Wake County is investing in its next generation of environmental leaders by awarding the 2026 Sheila B. Jones Environmental Education Scholarship to two college students with plans that reach beyond campus and into local communities. Amarion Singletary, a student at North Carolina Agricultural and Technical State University, and Hanna Camptella, a student at North Carolina State University, each received a $1,000 award to support their academic work and the paths they are building in conservation, teaching and public stewardship.
The scholarship is administered by the Friends of the Wake Soil and Water Conservation District and is open to college students in North Carolina who either live in Wake County or attend a Wake County university. Wake County said Singletary hopes to bridge the environmental education gap between urban and rural communities, while Camptella wants to channel restless kids into the next generation of conservationists. The county has framed those ambitions as part of a broader effort to build a workforce that can strengthen conservation education as the region grows.

Singletary said his interest in environmental education grew through programs such as the Resource Conservation Workshop and Envirothon, which helped shape his interest in conservation and outreach. He said he wants to create opportunities for students to engage with the environment in meaningful ways and to better understand where natural resources come from and why protecting them matters for long-term sustainability. Camptella said she wants to become an environmental educator so she can help children with lots of energy turn that drive toward careers in environmental science or conservation.
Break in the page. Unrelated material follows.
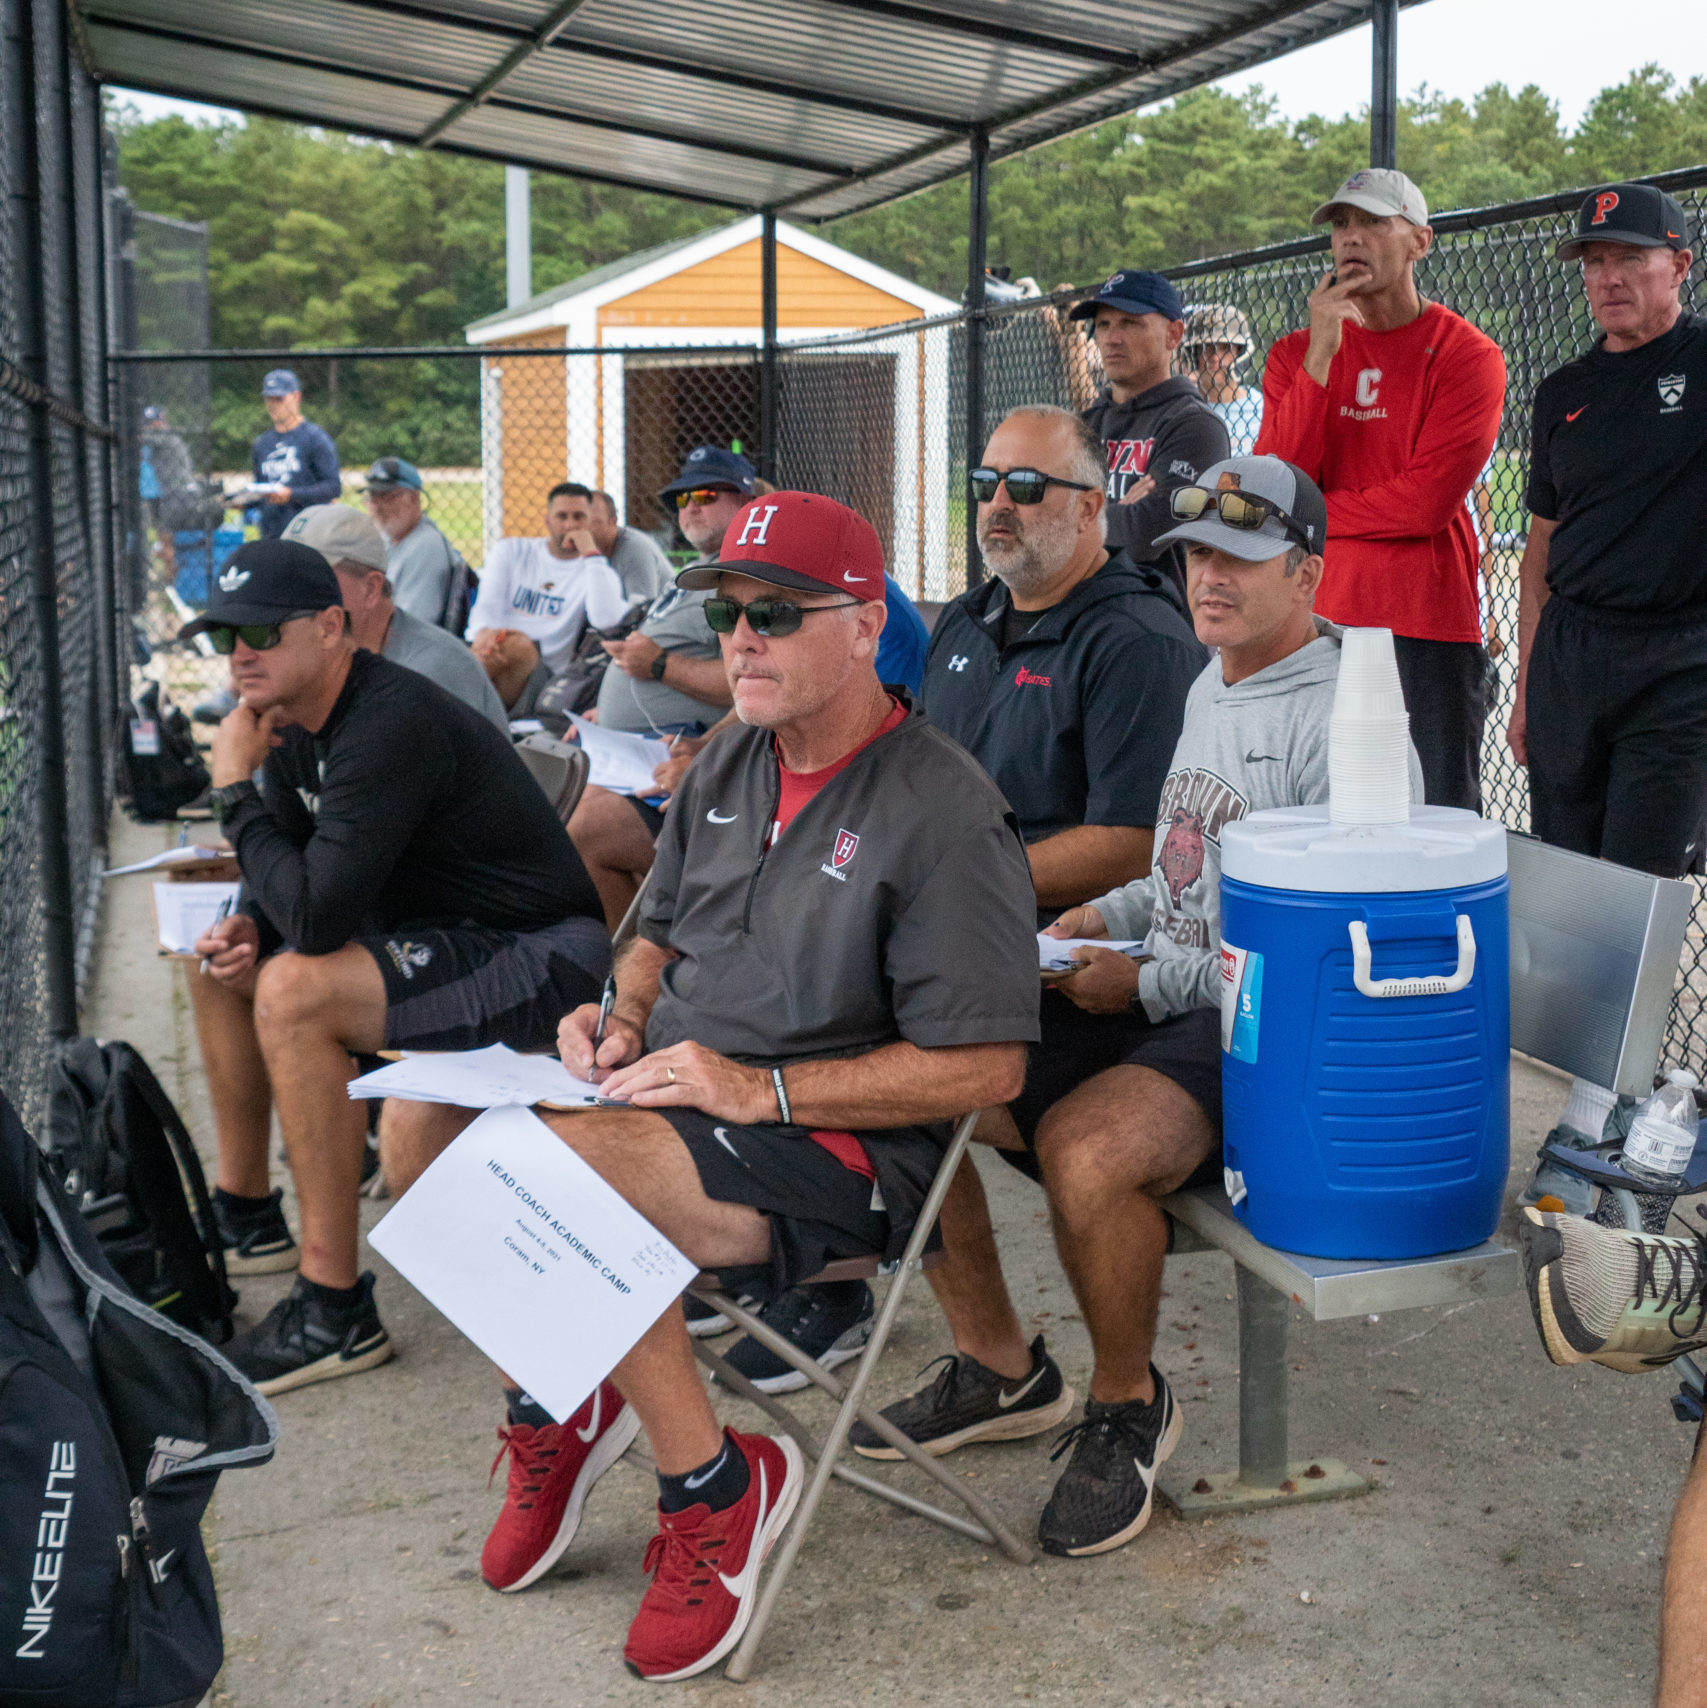 showball-camps-ivy-league-coaches-attend

Commissioner Tara Waters said both students are already taking consistent action to become impactful educators and improve their communities, and that they represent the kind of next-generation leadership the scholarship was created to support. That focus reflects the purpose of the award itself, which Wake County launched in honor of Sheila B. Jones, a longtime employee of the Wake Soil and Water Conservation District. The county’s scholarship page says special consideration goes to applicants who have faced significant barriers to obtaining education in environmental education and to those who plan to work in Wake County.
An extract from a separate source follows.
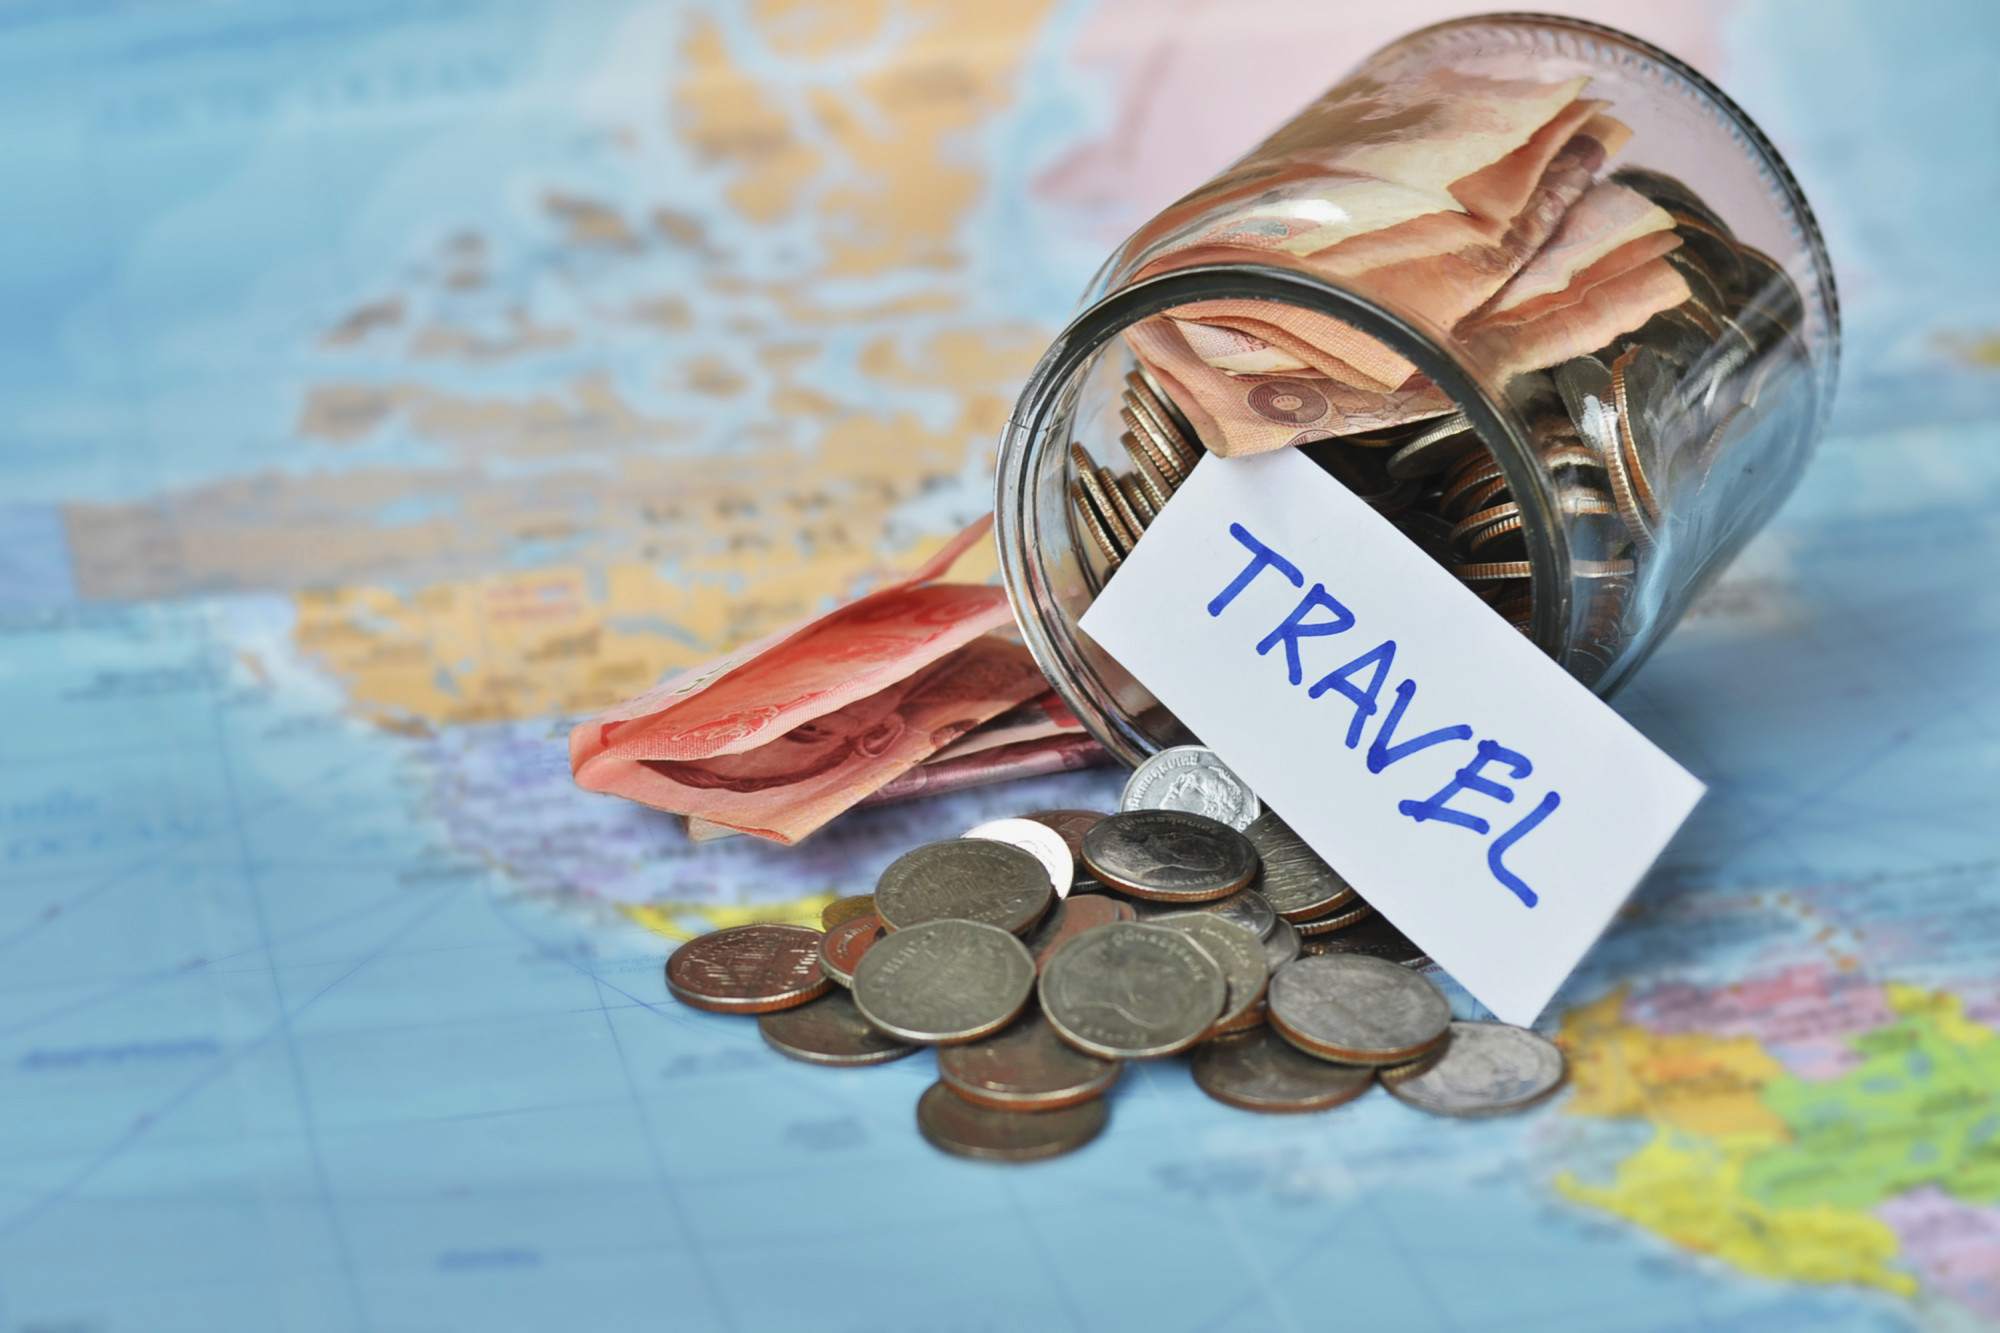 travel sign and money on map

The scholarship has quickly become a recurring part of the county’s environmental education calendar. Wake County first announced winners in 2024, when six students applied and two $1,000 scholarships went to Addisu Serba of NC State University and Dae Borg of Appalachian State University. In 2025, the county awarded the scholarship to Paige Meadows, a junior at NC State from Henderson. The next application cycle will open in January 2027, and the recipient or recipients will again be invited to meet Friends of Wake SWCD board members in June for the presentation.